III. FUNDAMENTOS JURÍDICOS DEL FALLO.
Doctrina, legislación y jurisprudencia aplicable:
La protección constitucional a los derechos del trabajador y su aplicación preferente.
El art. 48 de la CPE, prevé imperativamente que las disposiciones sociales y laborales son de cumplimiento obligatorio, y que deben aplicarse bajo los principios de protección de los trabajadores, el principio de primacía de la relación laboral, de continuidad y estabilidad laboral, de no discriminación, inversión de la prueba a favor del trabajador; siendo la finalidad de todos ellos, buscar la protección y la tutela de los derechos de los trabajadores, de modo que se logre su real materialización.

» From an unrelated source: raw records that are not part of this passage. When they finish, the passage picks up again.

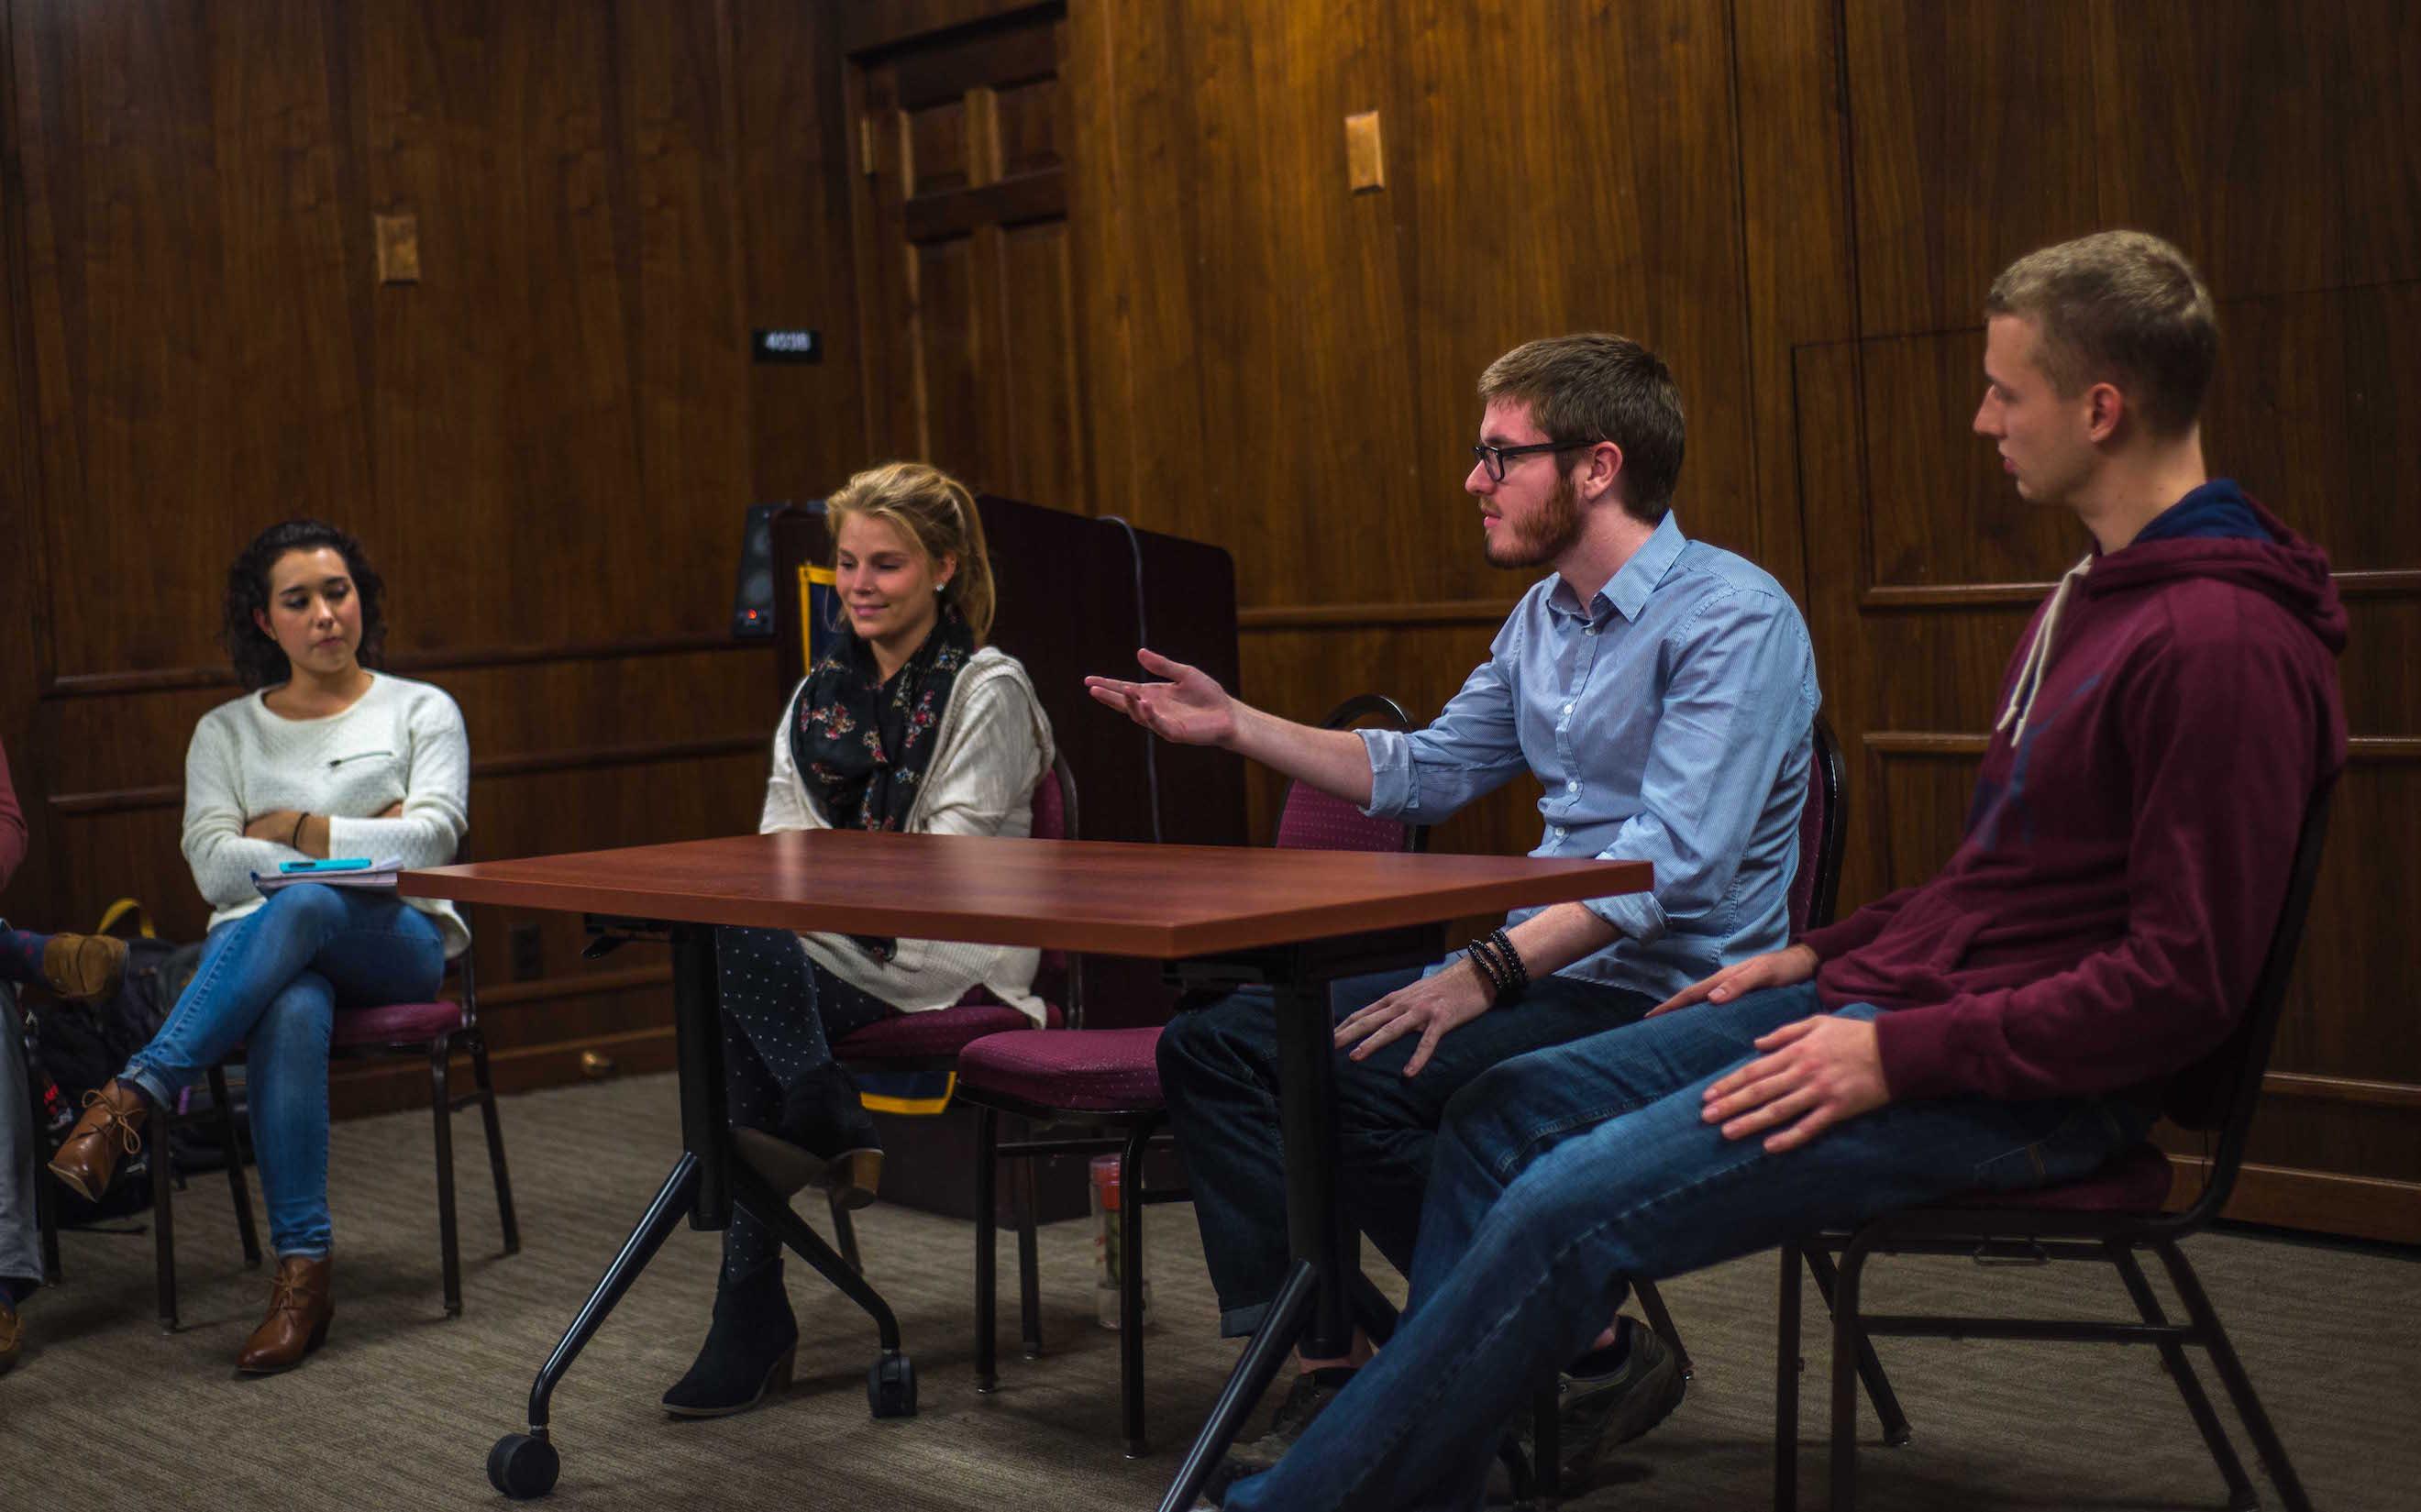 Students gather to talk about their experiences returning home after studying abroad. Left to right: Sophia Boyd, Monika Cinch, John Tobin, and Cody Bauer
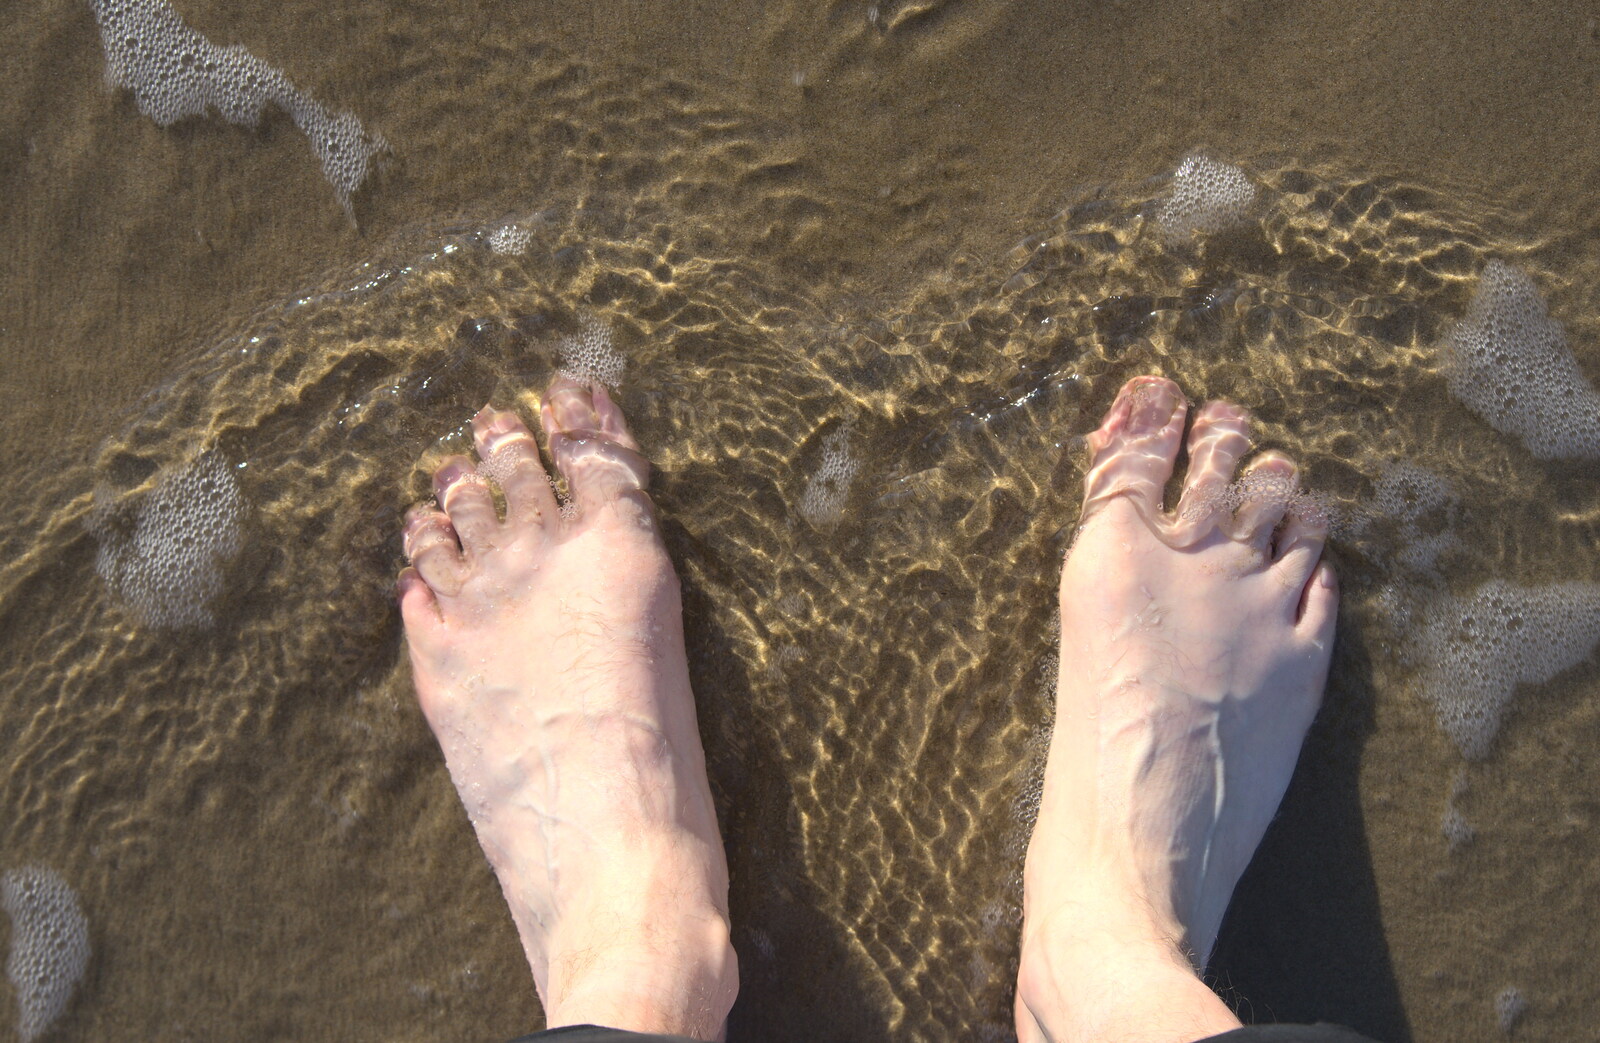 Nosher's feet in the sea from Camping at Silver Strand, Wicklow, County Wicklow, Ireland - 7th August 2014
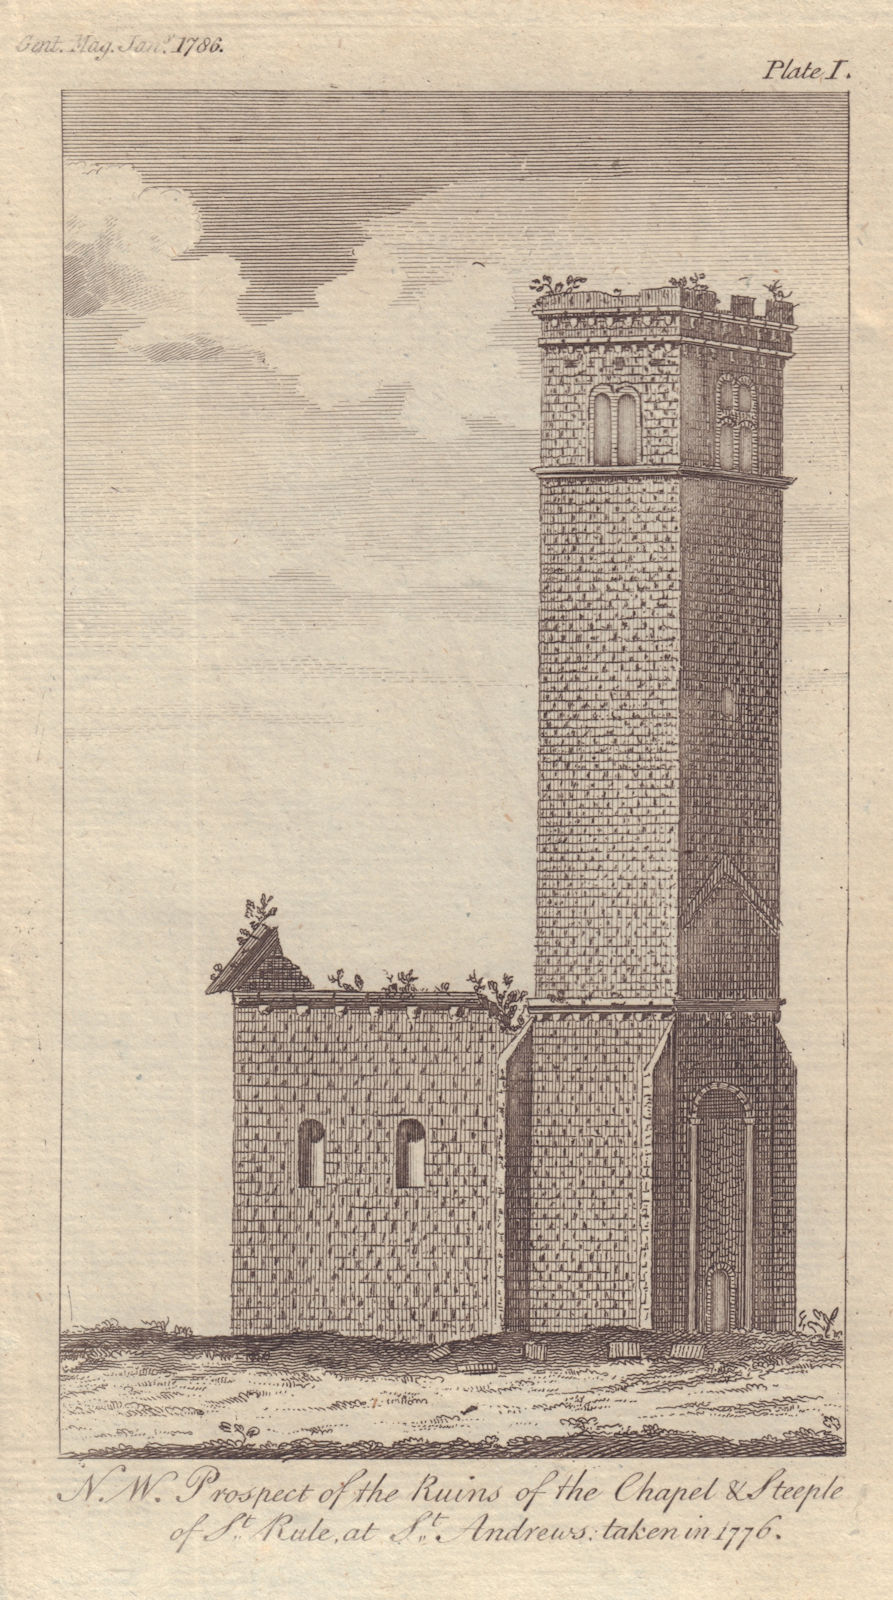 Associate Product NW Prospect of the ruins of the Chapel & Steeple of St. Rule at St. Andrews 1786
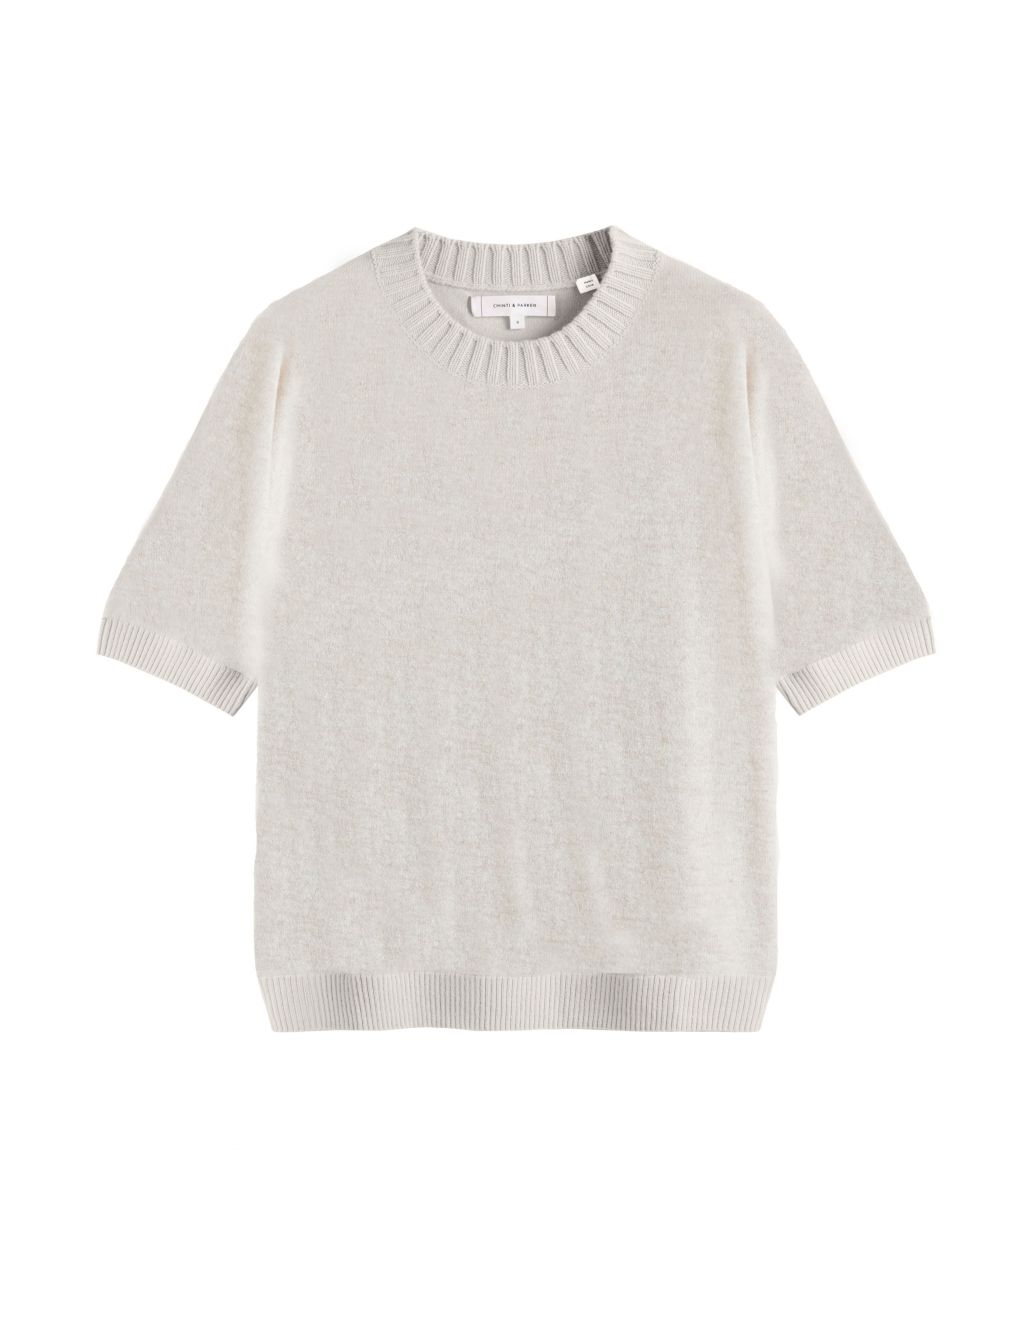 Wool Rich Knitted Top with Cashmere image 2
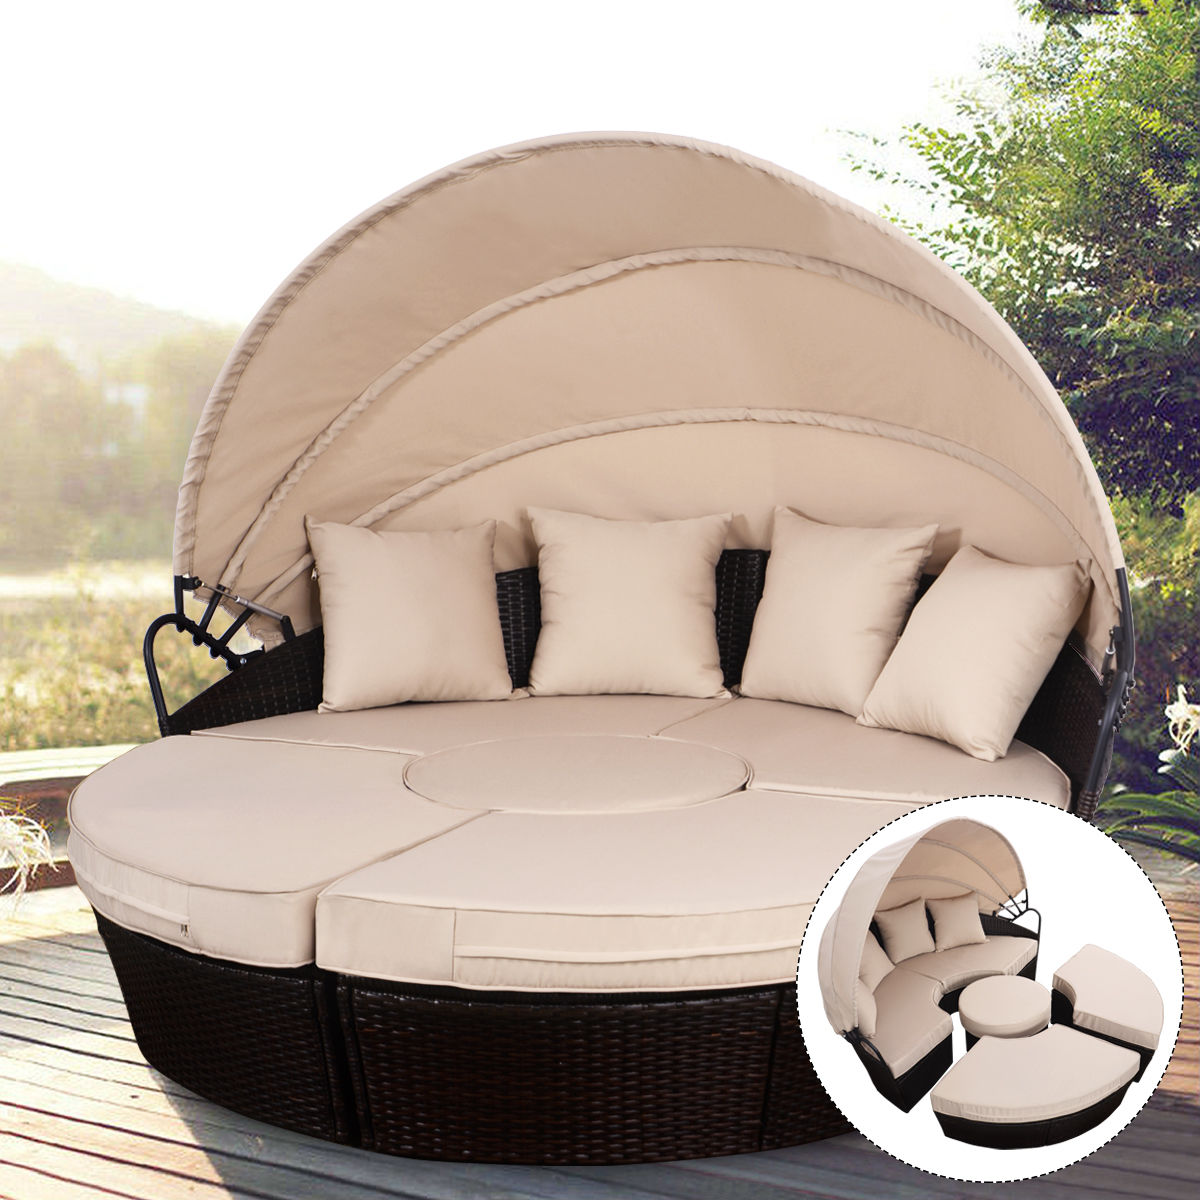 Outdoor Daybed Patio Sofa Furniture Brown, Outdoor Daybed Patio Furniture With Cushions

Principios, por los que debe aceptarse que, el Estado, a través de las autoridades que imparten justicia, no se sustenta necesariamente en la paridad jurídica; sino, en la favorabilidad del trabajador; como sostiene la SC 0032/2011-R de 7 de febrero, que señala en cuanto al principio de proteccionismo: “a) Principio de protección y tutela.- Llamado así porque la razón del derecho laboral es esencialmente de protección, de ahí que si se emiten normas laborales, éstas tienen que estar orientadas al resguardo del trabajador; dicho de otro modo no se busca la paridad jurídica sino la de establecer un amparo preferentemente a favor del trabajador”.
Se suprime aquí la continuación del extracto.